Tuesday, 28 January 2020

Exhibition review: Japan Supernatural, Art Gallery of NSW

What a fantastic exhibition this is, one that brings together pieces from a range of different places including galleries in Australia (AGNSW, NGV), the National Library, and a gallery in Minneapolis, among others.

The show runs for a while (2 Nov 2019 to 8 March 2020) so there is still plenty of time to go and see it yet. Attendance when I went – mid-afternoon on a January weekday – was solid and if these numbers are repeated across the entire period you’d have to say that it has brought dividends to the gallery that put the show on.
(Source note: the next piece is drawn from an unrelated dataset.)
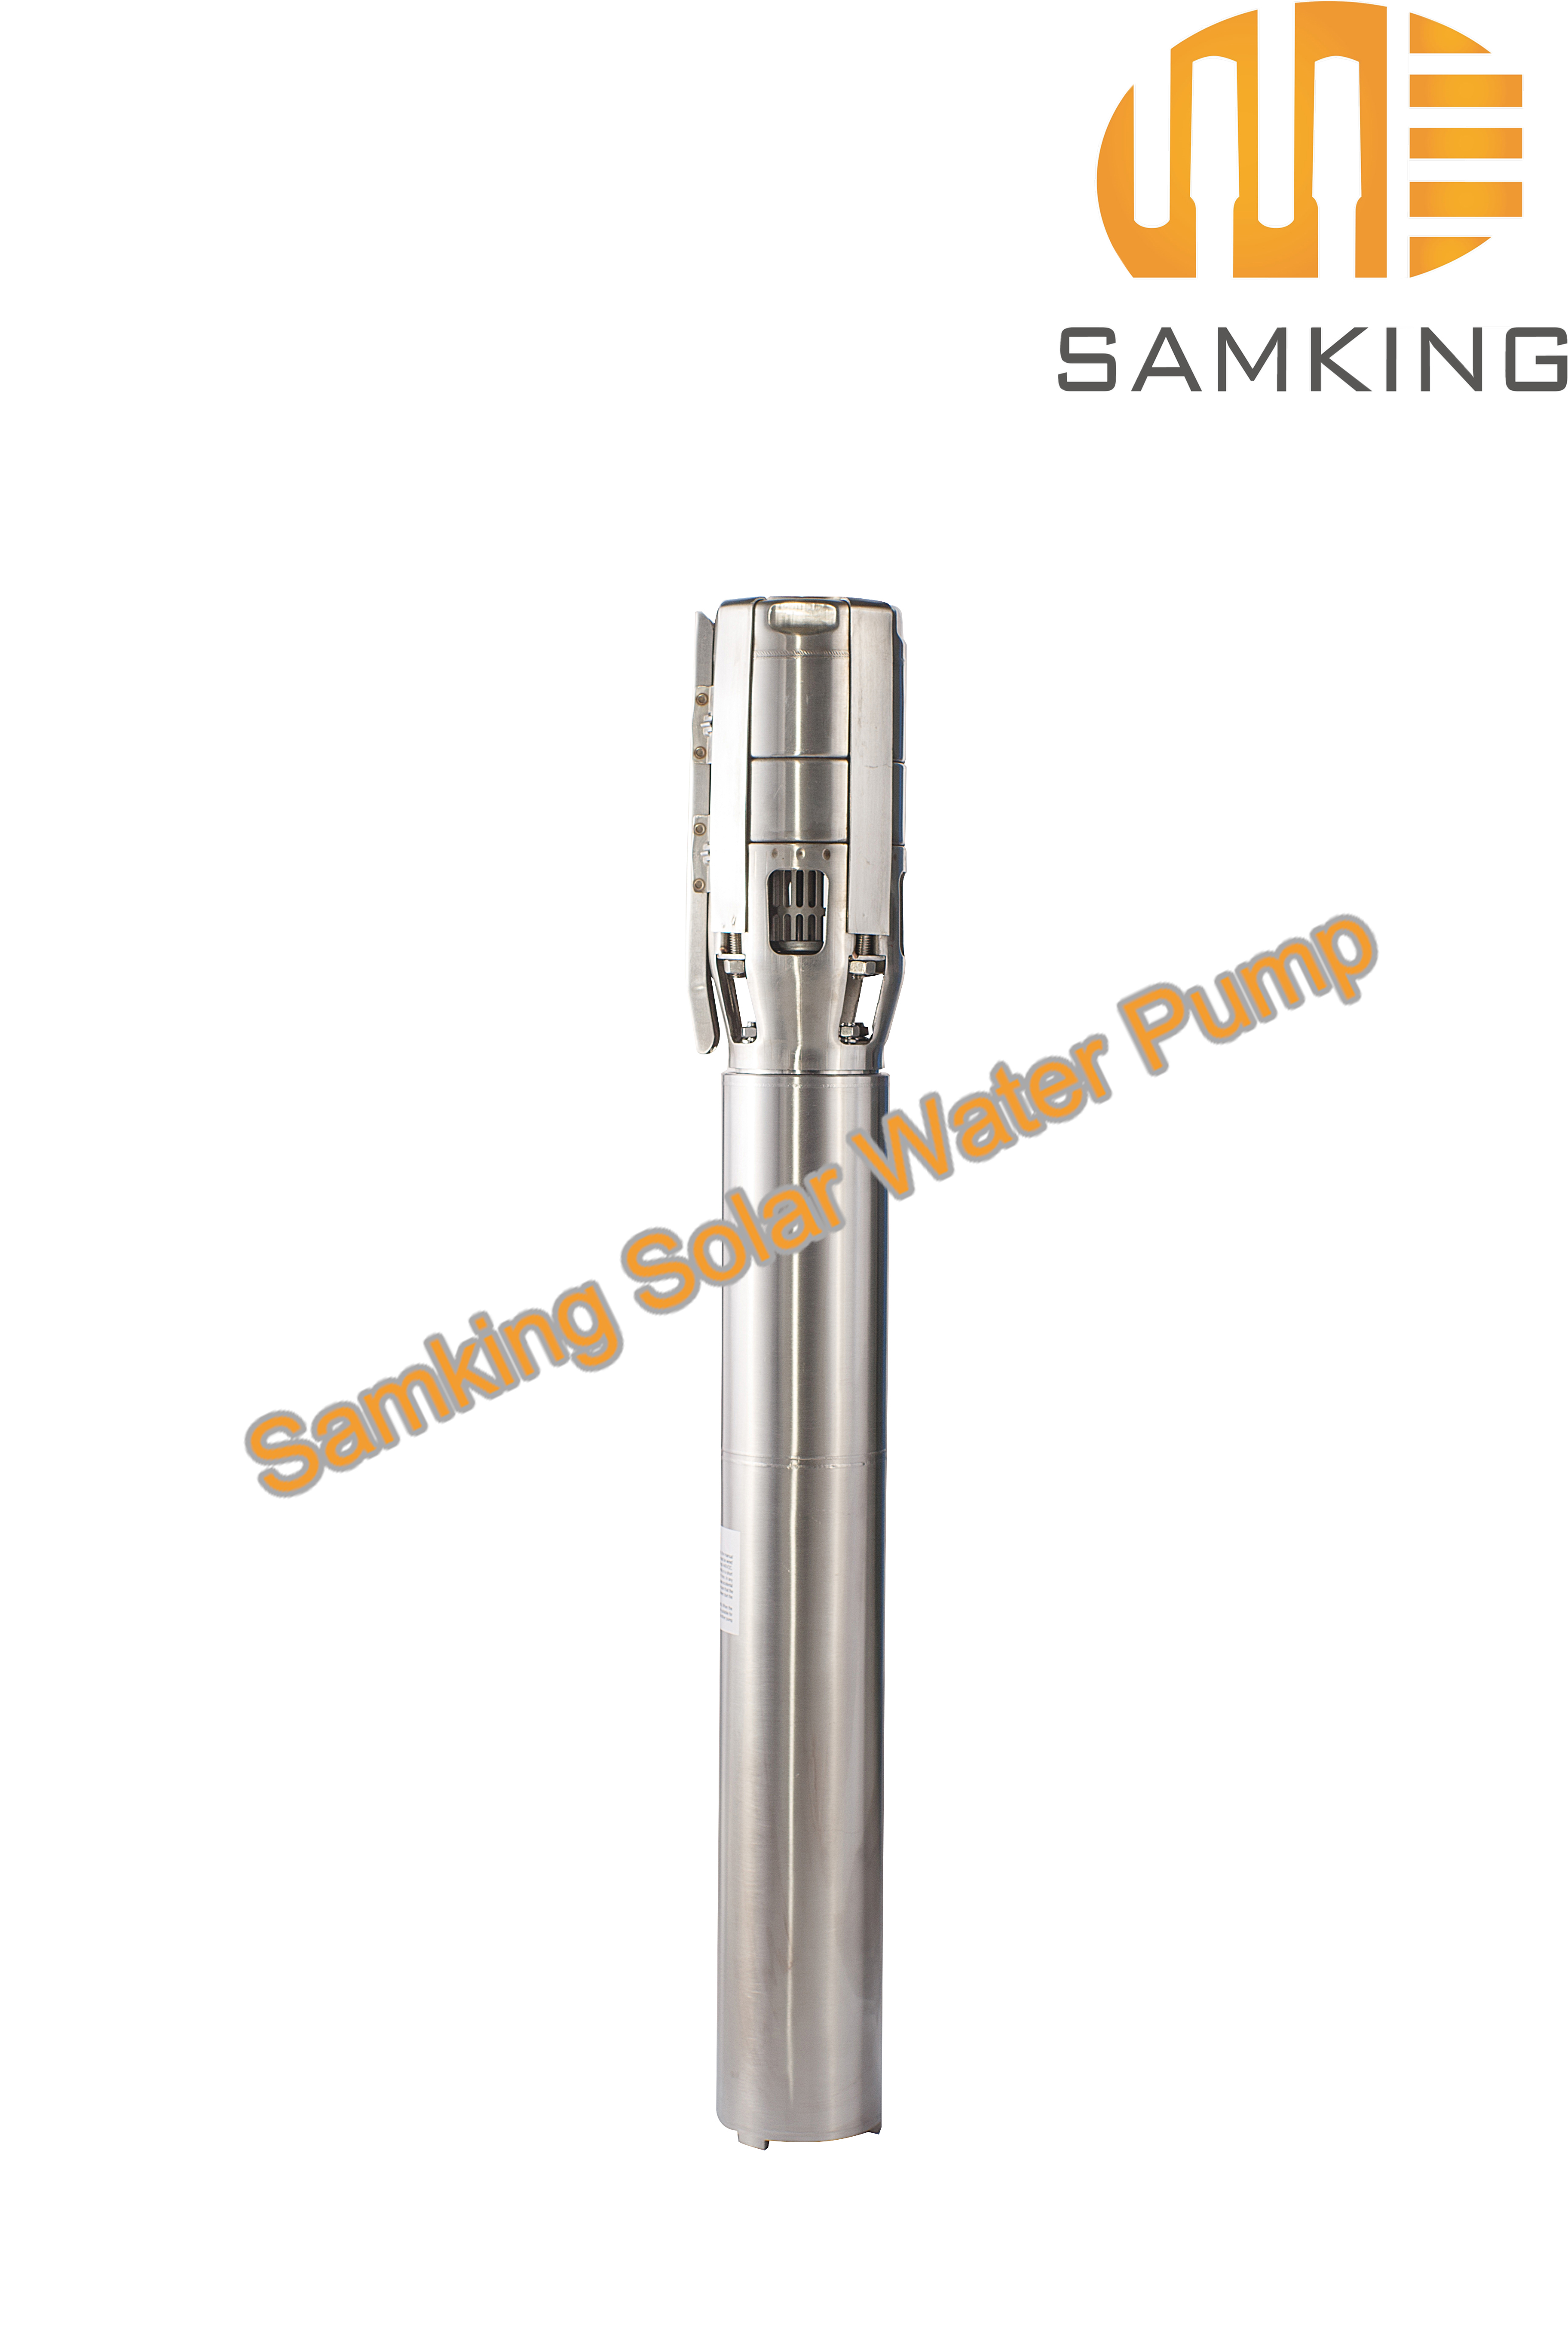 5SP25-1 Samking Solar Water Pump

The catalogue contains a lot of useful information, so I would recommend buying it if you can. A good preface by Mami Kataoka provides a guide to the influence of Buddhism on Japan, especially as it relates to traditional Shinto practices. Kataoka contrasts the “old Shinto” practice of revering living things with the practice, once Buddhism entered the archipelago in the 7th century, of revering also such things as rivers and trees.

For the Japanese the link between the physical world and the supernatural is special and, while the Japanese are determinedly secular in their outlook they are also notably superstitious. The real-supernatural dichotomy is evident in such cultural products as the movies of Hayao Miyazaki, the animation master, and the novels of Haruki Murakami (in his latest novel, which I reviewed here about a year ago, there is a special place in the narrative for a Subaru Forester car).  This focus on the physical world, despite the apparently magical influence of spirits or ghosts, is something different about Japanese culture though, I suspect, the same ideas are present in Chinese culture as well (“zen Buddhism” means, after all, “Chinese Buddhism”).

There is so much good stuff in this exhibition and you will want to go back to see the items viewed on the day of your visit, so do buy the catalogue. The reproductions are very high-quality and the essays are solid and illuminating.

In the catalogue I couldn’t find the reference for the painting where the detail above comes from, but this is a mother and child.

Above and below: Details from Itoya Hiroharu’s ‘Night Procession of the Hundred Demons’, c1860.

Above: Detail from Tsukiyoka Yoshitoshi’s ‘Miyamoto Musashi and the Exorcism of the Evil Fox of Princess Osakabe’, 1863.

Above: Detail from Takashi Murakami’s ‘In the Land of the Dead, Stepping on the Tail of a Rainbow’, 2014.

Above: Takashi Murakami, ‘The Embodiment of “Um”’, 2014.

In addition to the items shown here, for me a standout part of the show was the photos of Miwa Yanagi. The ‘Fairy Tale’ series she made in 2004 is just outstanding.